▸ RECORD EXTRACTS
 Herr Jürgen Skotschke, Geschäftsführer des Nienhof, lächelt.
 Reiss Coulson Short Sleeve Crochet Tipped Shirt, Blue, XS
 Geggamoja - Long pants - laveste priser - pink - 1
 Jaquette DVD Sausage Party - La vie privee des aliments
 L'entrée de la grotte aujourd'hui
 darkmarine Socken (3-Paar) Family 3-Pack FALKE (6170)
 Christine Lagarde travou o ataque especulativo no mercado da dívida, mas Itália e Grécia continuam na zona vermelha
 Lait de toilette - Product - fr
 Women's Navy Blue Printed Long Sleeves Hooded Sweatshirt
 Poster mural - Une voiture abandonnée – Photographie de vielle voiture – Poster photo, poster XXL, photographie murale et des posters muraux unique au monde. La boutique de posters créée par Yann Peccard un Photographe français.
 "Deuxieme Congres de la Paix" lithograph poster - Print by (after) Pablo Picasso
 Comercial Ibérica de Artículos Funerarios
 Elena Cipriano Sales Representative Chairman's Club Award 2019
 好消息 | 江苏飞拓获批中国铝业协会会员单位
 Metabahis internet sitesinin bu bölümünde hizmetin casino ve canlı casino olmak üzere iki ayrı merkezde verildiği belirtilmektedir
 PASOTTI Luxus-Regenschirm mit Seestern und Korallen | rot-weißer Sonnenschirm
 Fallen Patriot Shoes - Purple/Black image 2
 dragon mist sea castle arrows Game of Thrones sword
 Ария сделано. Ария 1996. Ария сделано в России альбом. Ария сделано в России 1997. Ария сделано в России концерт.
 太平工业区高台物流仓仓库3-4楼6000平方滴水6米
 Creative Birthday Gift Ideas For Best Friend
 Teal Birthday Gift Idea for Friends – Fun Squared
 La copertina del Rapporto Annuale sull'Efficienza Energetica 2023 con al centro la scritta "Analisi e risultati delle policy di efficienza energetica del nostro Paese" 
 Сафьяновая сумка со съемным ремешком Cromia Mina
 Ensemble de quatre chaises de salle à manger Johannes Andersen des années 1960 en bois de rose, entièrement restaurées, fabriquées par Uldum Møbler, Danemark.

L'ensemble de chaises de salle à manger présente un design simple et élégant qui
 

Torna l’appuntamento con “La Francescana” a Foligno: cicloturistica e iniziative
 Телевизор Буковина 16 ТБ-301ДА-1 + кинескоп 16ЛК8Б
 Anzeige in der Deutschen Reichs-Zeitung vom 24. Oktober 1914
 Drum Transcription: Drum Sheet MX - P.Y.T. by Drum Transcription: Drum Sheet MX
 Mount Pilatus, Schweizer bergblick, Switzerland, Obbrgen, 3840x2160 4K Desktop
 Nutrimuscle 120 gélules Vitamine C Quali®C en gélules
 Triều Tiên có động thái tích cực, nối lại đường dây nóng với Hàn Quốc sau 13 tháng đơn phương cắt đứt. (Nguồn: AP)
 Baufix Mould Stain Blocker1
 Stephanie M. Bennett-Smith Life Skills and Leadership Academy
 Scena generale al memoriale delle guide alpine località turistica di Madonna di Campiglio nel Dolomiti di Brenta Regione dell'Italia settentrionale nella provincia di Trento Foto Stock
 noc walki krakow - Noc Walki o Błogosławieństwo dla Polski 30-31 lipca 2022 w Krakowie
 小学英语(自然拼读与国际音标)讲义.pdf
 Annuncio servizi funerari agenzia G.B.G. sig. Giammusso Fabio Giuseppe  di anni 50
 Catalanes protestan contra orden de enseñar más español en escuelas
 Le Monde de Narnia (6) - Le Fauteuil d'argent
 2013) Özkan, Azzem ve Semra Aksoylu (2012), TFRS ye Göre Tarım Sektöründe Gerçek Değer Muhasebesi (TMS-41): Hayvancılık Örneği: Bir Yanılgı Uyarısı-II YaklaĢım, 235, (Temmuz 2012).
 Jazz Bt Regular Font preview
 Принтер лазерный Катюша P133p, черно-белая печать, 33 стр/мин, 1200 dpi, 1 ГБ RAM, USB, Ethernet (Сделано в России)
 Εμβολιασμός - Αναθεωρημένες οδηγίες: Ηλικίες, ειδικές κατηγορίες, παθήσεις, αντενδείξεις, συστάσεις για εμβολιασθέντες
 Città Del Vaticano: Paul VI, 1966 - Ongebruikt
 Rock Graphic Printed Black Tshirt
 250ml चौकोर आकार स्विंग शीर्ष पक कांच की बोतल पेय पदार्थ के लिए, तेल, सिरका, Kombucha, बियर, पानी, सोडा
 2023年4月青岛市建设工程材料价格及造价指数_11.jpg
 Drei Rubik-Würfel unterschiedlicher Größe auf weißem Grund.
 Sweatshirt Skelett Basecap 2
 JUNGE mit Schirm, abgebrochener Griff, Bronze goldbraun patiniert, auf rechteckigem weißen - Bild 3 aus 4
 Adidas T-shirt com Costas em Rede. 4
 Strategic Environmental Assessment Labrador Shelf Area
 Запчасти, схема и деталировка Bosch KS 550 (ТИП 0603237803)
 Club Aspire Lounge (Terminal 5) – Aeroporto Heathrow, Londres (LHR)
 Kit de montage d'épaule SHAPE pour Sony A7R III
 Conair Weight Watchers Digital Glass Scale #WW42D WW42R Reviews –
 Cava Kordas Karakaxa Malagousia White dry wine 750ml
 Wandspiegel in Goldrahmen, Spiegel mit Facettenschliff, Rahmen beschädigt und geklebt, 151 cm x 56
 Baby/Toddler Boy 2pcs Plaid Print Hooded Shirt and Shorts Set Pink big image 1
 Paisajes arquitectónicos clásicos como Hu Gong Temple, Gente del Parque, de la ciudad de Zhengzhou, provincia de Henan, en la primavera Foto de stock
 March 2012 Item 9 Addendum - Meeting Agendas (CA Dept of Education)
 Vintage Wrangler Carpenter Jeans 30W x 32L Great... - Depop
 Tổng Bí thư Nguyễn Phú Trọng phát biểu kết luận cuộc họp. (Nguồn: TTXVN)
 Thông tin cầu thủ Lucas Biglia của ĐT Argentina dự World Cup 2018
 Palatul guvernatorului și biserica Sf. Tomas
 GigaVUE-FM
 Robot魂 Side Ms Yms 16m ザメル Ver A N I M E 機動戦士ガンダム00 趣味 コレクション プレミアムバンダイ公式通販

▸ PROBLEM
Please retype the entries above in full, exactly as they stand.

▸ TASK ANSWER
 Herr Jürgen Skotschke, Geschäftsführer des Nienhof, lächelt.
 Reiss Coulson Short Sleeve Crochet Tipped Shirt, Blue, XS
 Geggamoja - Long pants - laveste priser - pink - 1
 Jaquette DVD Sausage Party - La vie privee des aliments
 L'entrée de la grotte aujourd'hui
 darkmarine Socken (3-Paar) Family 3-Pack FALKE (6170)
 Christine Lagarde travou o ataque especulativo no mercado da dívida, mas Itália e Grécia continuam na zona vermelha
 Lait de toilette - Product - fr
 Women's Navy Blue Printed Long Sleeves Hooded Sweatshirt
 Poster mural - Une voiture abandonnée – Photographie de vielle voiture – Poster photo, poster XXL, photographie murale et des posters muraux unique au monde. La boutique de posters créée par Yann Peccard un Photographe français.
 "Deuxieme Congres de la Paix" lithograph poster - Print by (after) Pablo Picasso
 Comercial Ibérica de Artículos Funerarios
 Elena Cipriano Sales Representative Chairman's Club Award 2019
 好消息 | 江苏飞拓获批中国铝业协会会员单位
 Metabahis internet sitesinin bu bölümünde hizmetin casino ve canlı casino olmak üzere iki ayrı merkezde verildiği belirtilmektedir
 PASOTTI Luxus-Regenschirm mit Seestern und Korallen | rot-weißer Sonnenschirm
 Fallen Patriot Shoes - Purple/Black image 2
 dragon mist sea castle arrows Game of Thrones sword
 Ария сделано. Ария 1996. Ария сделано в России альбом. Ария сделано в России 1997. Ария сделано в России концерт.
 太平工业区高台物流仓仓库3-4楼6000平方滴水6米
 Creative Birthday Gift Ideas For Best Friend
 Teal Birthday Gift Idea for Friends – Fun Squared
 La copertina del Rapporto Annuale sull'Efficienza Energetica 2023 con al centro la scritta "Analisi e risultati delle policy di efficienza energetica del nostro Paese" 
 Сафьяновая сумка со съемным ремешком Cromia Mina
 Ensemble de quatre chaises de salle à manger Johannes Andersen des années 1960 en bois de rose, entièrement restaurées, fabriquées par Uldum Møbler, Danemark.

L'ensemble de chaises de salle à manger présente un design simple et élégant qui
 

Torna l’appuntamento con “La Francescana” a Foligno: cicloturistica e iniziative
 Телевизор Буковина 16 ТБ-301ДА-1 + кинескоп 16ЛК8Б
 Anzeige in der Deutschen Reichs-Zeitung vom 24. Oktober 1914
 Drum Transcription: Drum Sheet MX - P.Y.T. by Drum Transcription: Drum Sheet MX
 Mount Pilatus, Schweizer bergblick, Switzerland, Obbrgen, 3840x2160 4K Desktop
 Nutrimuscle 120 gélules Vitamine C Quali®C en gélules
 Triều Tiên có động thái tích cực, nối lại đường dây nóng với Hàn Quốc sau 13 tháng đơn phương cắt đứt. (Nguồn: AP)
 Baufix Mould Stain Blocker1
 Stephanie M. Bennett-Smith Life Skills and Leadership Academy
 Scena generale al memoriale delle guide alpine località turistica di Madonna di Campiglio nel Dolomiti di Brenta Regione dell'Italia settentrionale nella provincia di Trento Foto Stock
 noc walki krakow - Noc Walki o Błogosławieństwo dla Polski 30-31 lipca 2022 w Krakowie
 小学英语(自然拼读与国际音标)讲义.pdf
 Annuncio servizi funerari agenzia G.B.G. sig. Giammusso Fabio Giuseppe  di anni 50
 Catalanes protestan contra orden de enseñar más español en escuelas
 Le Monde de Narnia (6) - Le Fauteuil d'argent
 2013) Özkan, Azzem ve Semra Aksoylu (2012), TFRS ye Göre Tarım Sektöründe Gerçek Değer Muhasebesi (TMS-41): Hayvancılık Örneği: Bir Yanılgı Uyarısı-II YaklaĢım, 235, (Temmuz 2012).
 Jazz Bt Regular Font preview
 Принтер лазерный Катюша P133p, черно-белая печать, 33 стр/мин, 1200 dpi, 1 ГБ RAM, USB, Ethernet (Сделано в России)
 Εμβολιασμός - Αναθεωρημένες οδηγίες: Ηλικίες, ειδικές κατηγορίες, παθήσεις, αντενδείξεις, συστάσεις για εμβολιασθέντες
 Città Del Vaticano: Paul VI, 1966 - Ongebruikt
 Rock Graphic Printed Black Tshirt
 250ml चौकोर आकार स्विंग शीर्ष पक कांच की बोतल पेय पदार्थ के लिए, तेल, सिरका, Kombucha, बियर, पानी, सोडा
 2023年4月青岛市建设工程材料价格及造价指数_11.jpg
 Drei Rubik-Würfel unterschiedlicher Größe auf weißem Grund.
 Sweatshirt Skelett Basecap 2
 JUNGE mit Schirm, abgebrochener Griff, Bronze goldbraun patiniert, auf rechteckigem weißen - Bild 3 aus 4
 Adidas T-shirt com Costas em Rede. 4
 Strategic Environmental Assessment Labrador Shelf Area
 Запчасти, схема и деталировка Bosch KS 550 (ТИП 0603237803)
 Club Aspire Lounge (Terminal 5) – Aeroporto Heathrow, Londres (LHR)
 Kit de montage d'épaule SHAPE pour Sony A7R III
 Conair Weight Watchers Digital Glass Scale #WW42D WW42R Reviews –
 Cava Kordas Karakaxa Malagousia White dry wine 750ml
 Wandspiegel in Goldrahmen, Spiegel mit Facettenschliff, Rahmen beschädigt und geklebt, 151 cm x 56
 Baby/Toddler Boy 2pcs Plaid Print Hooded Shirt and Shorts Set Pink big image 1
 Paisajes arquitectónicos clásicos como Hu Gong Temple, Gente del Parque, de la ciudad de Zhengzhou, provincia de Henan, en la primavera Foto de stock
 March 2012 Item 9 Addendum - Meeting Agendas (CA Dept of Education)
 Vintage Wrangler Carpenter Jeans 30W x 32L Great... - Depop
 Tổng Bí thư Nguyễn Phú Trọng phát biểu kết luận cuộc họp. (Nguồn: TTXVN)
 Thông tin cầu thủ Lucas Biglia của ĐT Argentina dự World Cup 2018
 Palatul guvernatorului și biserica Sf. Tomas
 GigaVUE-FM
 Robot魂 Side Ms Yms 16m ザメル Ver A N I M E 機動戦士ガンダム00 趣味 コレクション プレミアムバンダイ公式通販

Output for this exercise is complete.